DATASET EXCERPT section start
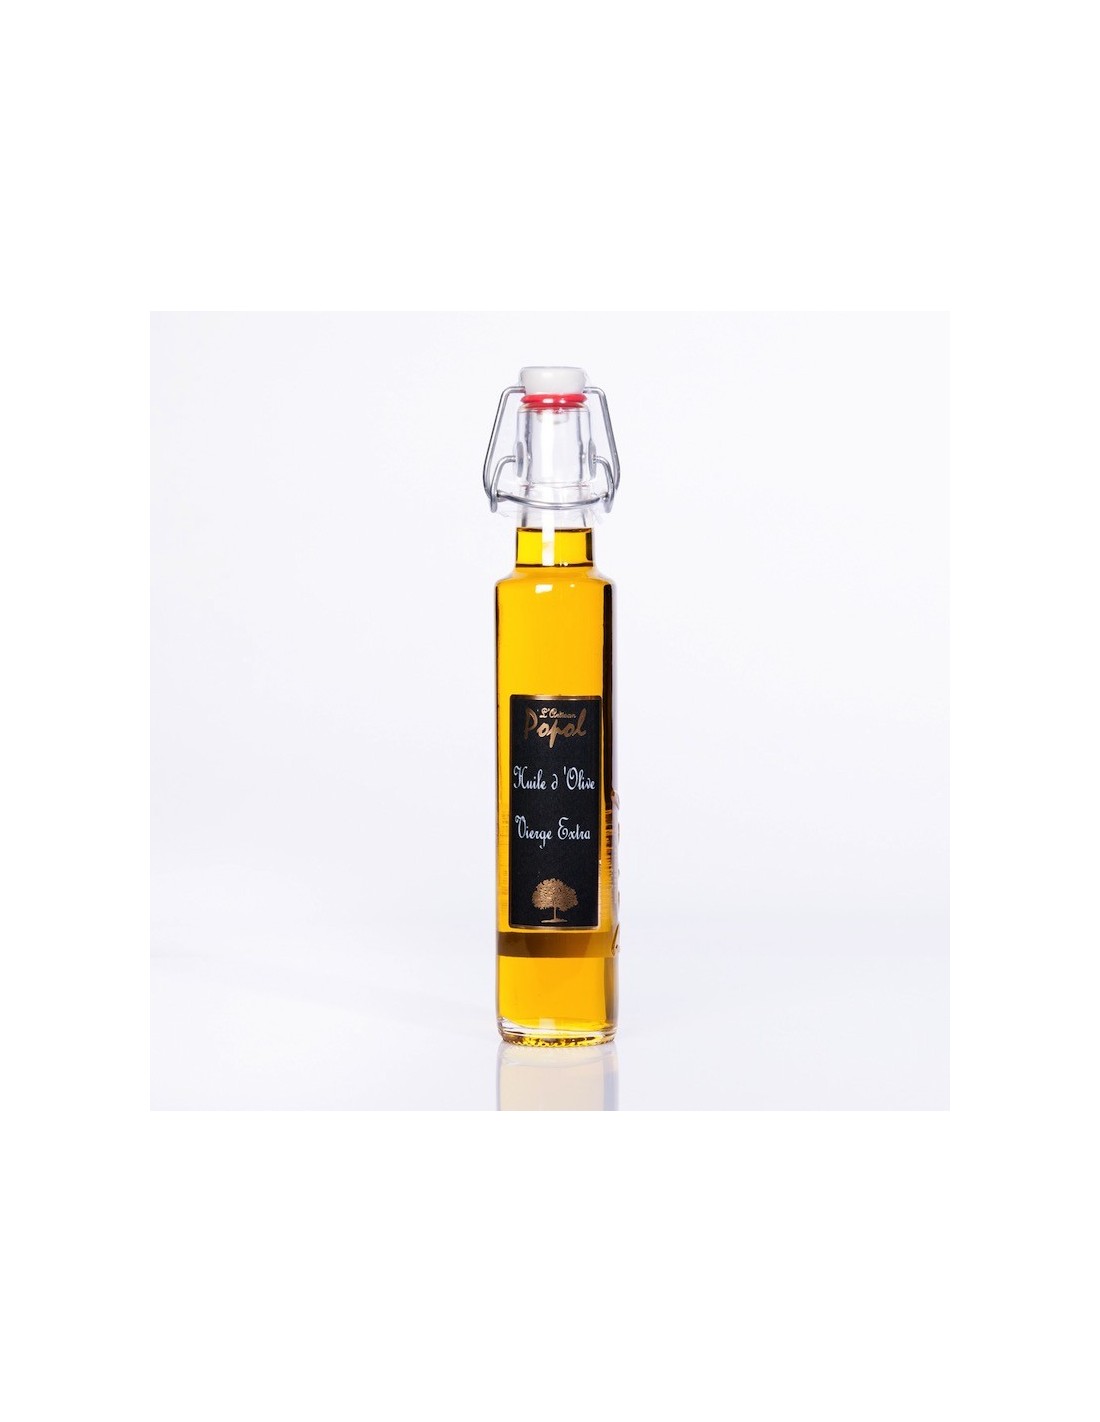 Huile d'olive - Achat d'huile d'olive fuité, intense - Spray 100ml
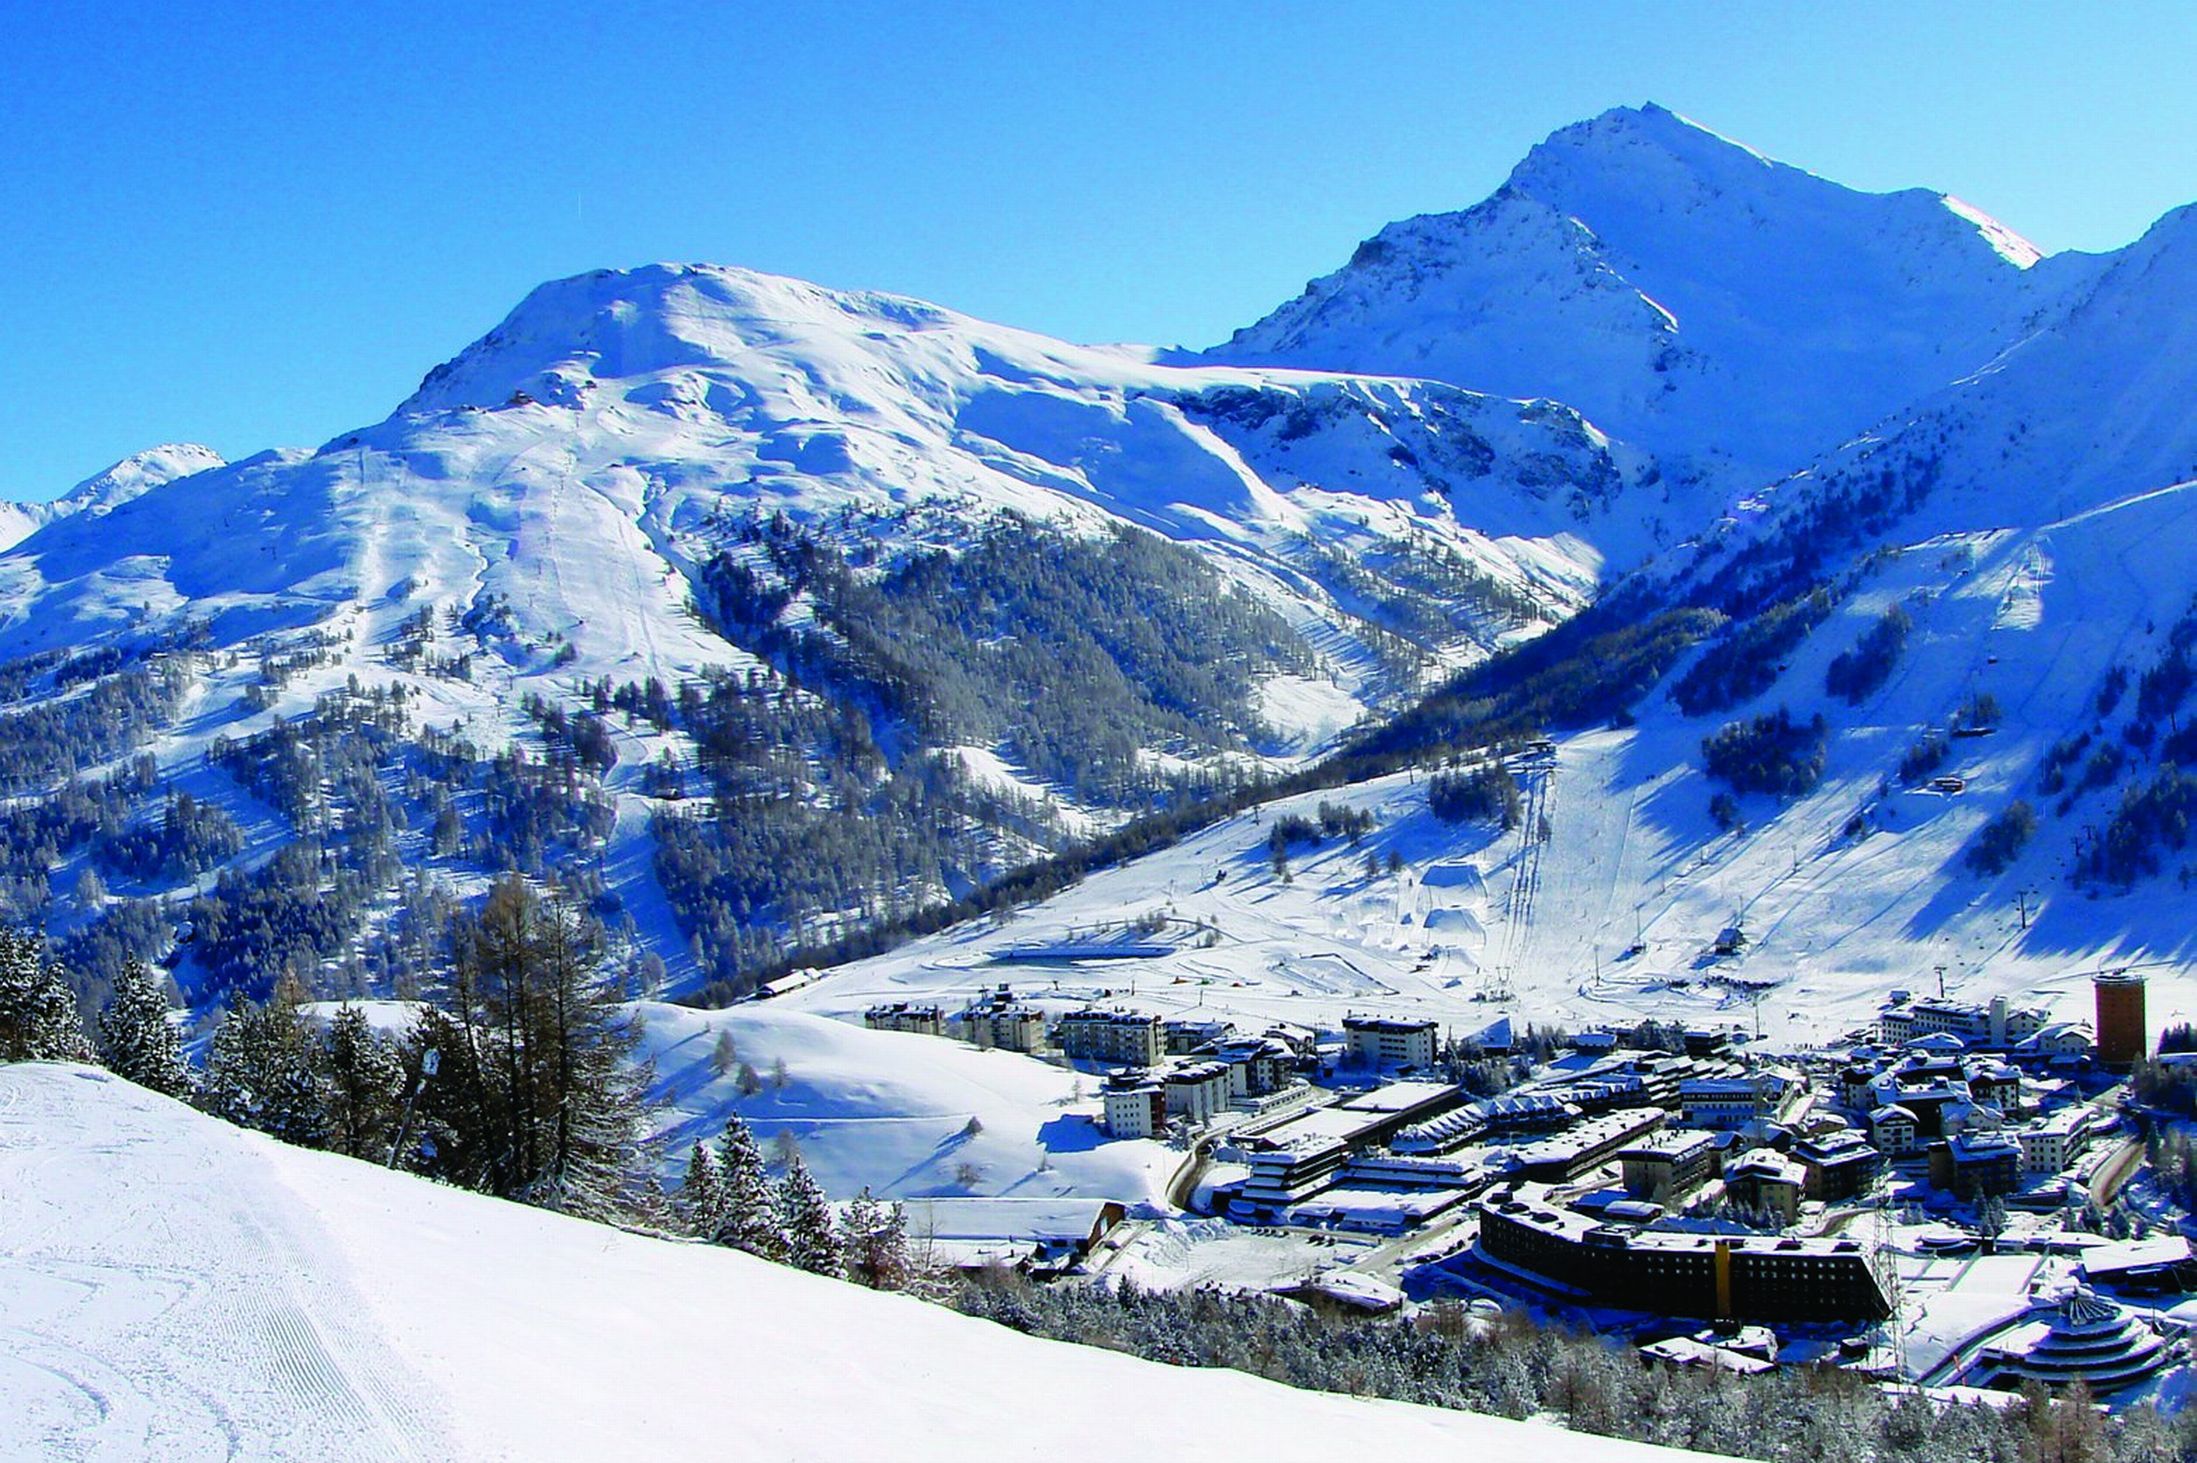 Panorama ski resort Sestriere, Italy .zastavki.com
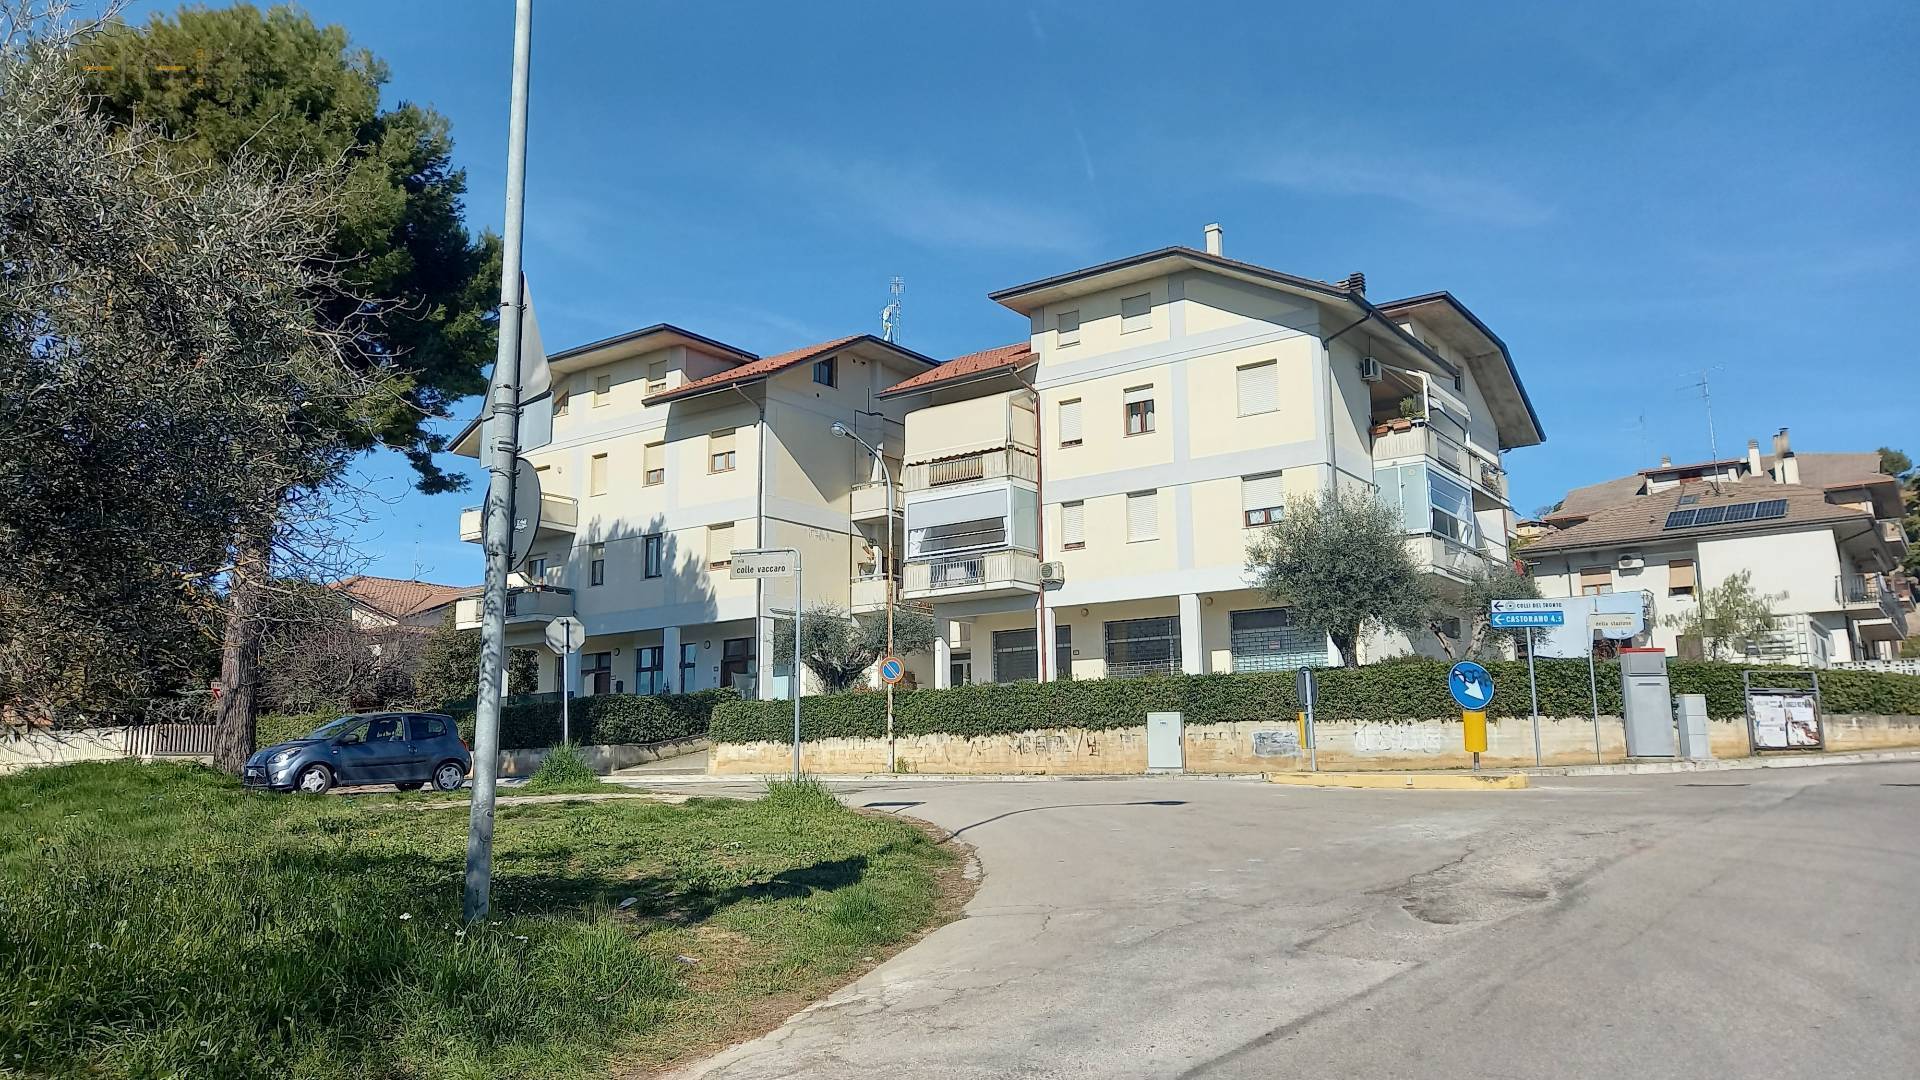 Appartamento in vendita a Colli del Tronto, 4 locali, zona Località: Collinare, prezzo € 125.000 | PortaleAgenzieImmobiliari.it
DATASET EXCERPT section end
» **EXERCISE DETAILS**
Pictures stay out; print everything else in the data exactly.

» **WRITTEN RESPONSE**
 Huile d'olive - Achat d'huile d'olive fuité, intense - Spray 100ml
 Panorama ski resort Sestriere, Italy .zastavki.com
 Appartamento in vendita a Colli del Tronto, 4 locali, zona Località: Collinare, prezzo € 125.000 | PortaleAgenzieImmobiliari.it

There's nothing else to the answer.